Showing 9 changed files with 429 additions and 18 deletions.
diff --git a/docs/_toc.yaml b/docs/_toc.yaml
@@ -51,10 +51,16 @@ toc:
     path: /xla/build_from_source
   - title: Develop a new backend for XLA
     path: /xla/developing_new_backend
-  - title: Develop a new PJRT plugin
-    path: /xla/pjrt_integration
   - title: Developer guide
     path: /xla/developer_guide
+- title: PJRT Plugins
+  section:
+  - title: PJRT Overview
+    path: /xla/pjrt/overview
+  - title: Develop a new PJRT plugin
+    path: /xla/pjrt/pjrt_integration
+  - title: PJRT Examples
+    path: /xla/pjrt/examples
 - title: Using XLA in TensorFlow
   # These should be in alphabetical order unless otherwise noted.
   section:

diff --git a/docs/pjrt/_toc.yaml b/docs/pjrt/_toc.yaml
@@ -0,0 +1,12 @@
+toc:
+- heading: PJRT
+- title: Getting started
+  section:
+  - title: Introduction
+    path: /xla/pjrt
+  - title: PJRT C++ API Overview
+    path: /xla/pjrt/cpp_api_overview
+  - title: Develop a new PJRT plugin
+    path: /xla/pjrt/pjrt_integration
+  - title: PJRT Examples
+    path: /xla/pjrt/examples
diff --git a/docs/pjrt/cpp_api_overview.md b/docs/pjrt/cpp_api_overview.md
@@ -0,0 +1,332 @@
+# PJRT C++ Device API Overview
+
+## Background
+
+[PJRT](https://github.com/openxla/xla/blob/c23fbd601a017be25726fd6d624b22daa6a8a4e5/xla/pjrt/c/pjrt_c_api.h)

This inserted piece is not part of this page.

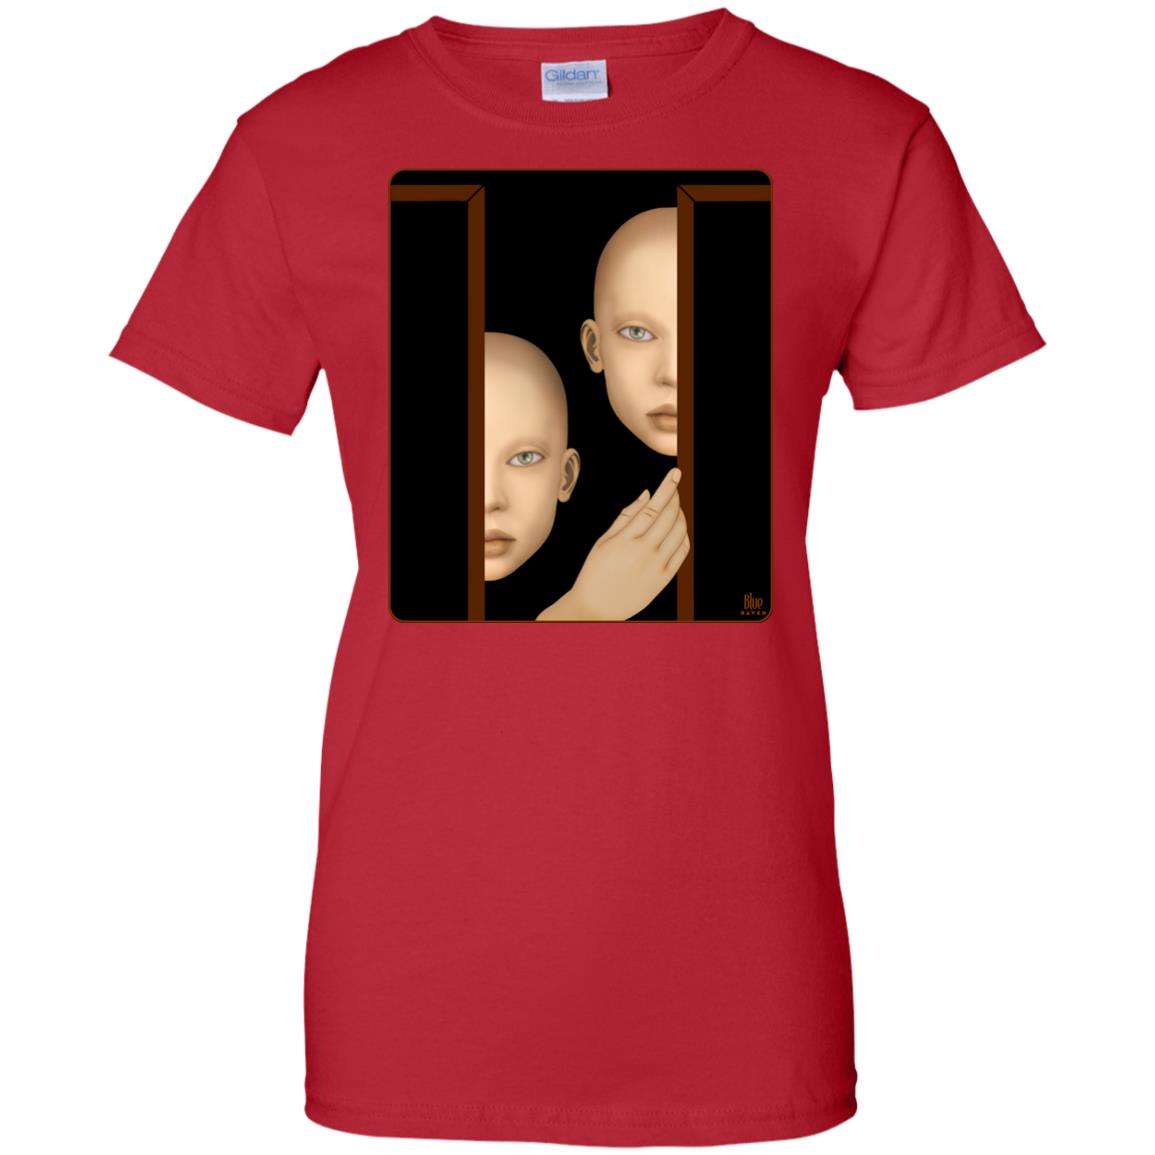 THE WATCHERS - Women's Relaxed Fit T-Shirt

+is the uniform Device API that we want to add to the ML ecosystem. The long term
+vision is that:
+
+1. Frameworks (JAX, TF, etc.) will call PJRT, which has device-specific
+   implementations that are opaque to the frameworks;
+2. Each device focuses on implementing PJRT APIs, and can be opaque to the
+   frameworks.
+
+PJRT offers both a C API and C++ API. Plugging in at either layer is OK, the C++
+API uses classes to abstract away some concepts, but also has stronger ties to
+XLA datatypes. This page docuses on the C++ API.
+
+## PJRT Components
+
+![PJRT Components](images/pjrt_client.svg)
+
+Note: Most items in this diagram also have backpointers, memory spaces know
+thier device(s) and client, devices know their client, buffers know their memory
+space.
+
+### PjRtClient
+
+_Full reference at [`pjrt_client.h > PjRtClient`](https://github.com/openxla/xla/blob/924b74d84de3760cc589fd1525c7346691d51df5/xla/pjrt/pjrt_client.h#L486)._
+
+Clients manage all communication between the device and framework, and
+encapsulate all state used in the communication. They have a generic set of APIs
+for interacting with a PJRT plugin, and they own the devices and memory spaces
+for a given plugin.
+
+### PjRtDevice
+
+_Full references at [`pjrt_client.h > PjRtDevice`](https://github.com/openxla/xla/blob/3e448cf9e86775a37ec5f7d3c69dfb20e0c760df/xla/pjrt/pjrt_client.h#L102),
+and [`pjrt_device_description.h`](https://github.com/openxla/xla/blob/main/xla/pjrt/pjrt_device_description.h)_
+
+A device class is used to describe a single device. A device has a device
+description to help identify its kind (unique hash to identify GPU/CPU/xPU), and
+location within a grid of devices both locally and globally.
+
+Devices also know thier associated memory spaces and the client it is owned by.
+
+A device does *not* necessarily know the buffers of actual data associated with
+it, but it can figure that out by looking through its associated memory spaces.
+
+### PjRtMemorySpace
+
+_Full reference at [`pjrt_client.h > PjRtMemorySpace`](https://github.com/openxla/xla/blob/3e448cf9e86775a37ec5f7d3c69dfb20e0c760df/xla/pjrt/pjrt_client.h#L72)._
+
+Memory spaces can be used to describe a location of memory. These can either be
+unpinned, and are free to live anywhere but be accessible from a device, or they
+can be pinned and must live on a specific device.
+
+Memory spaces know their associated buffers of data, and the devices (plural)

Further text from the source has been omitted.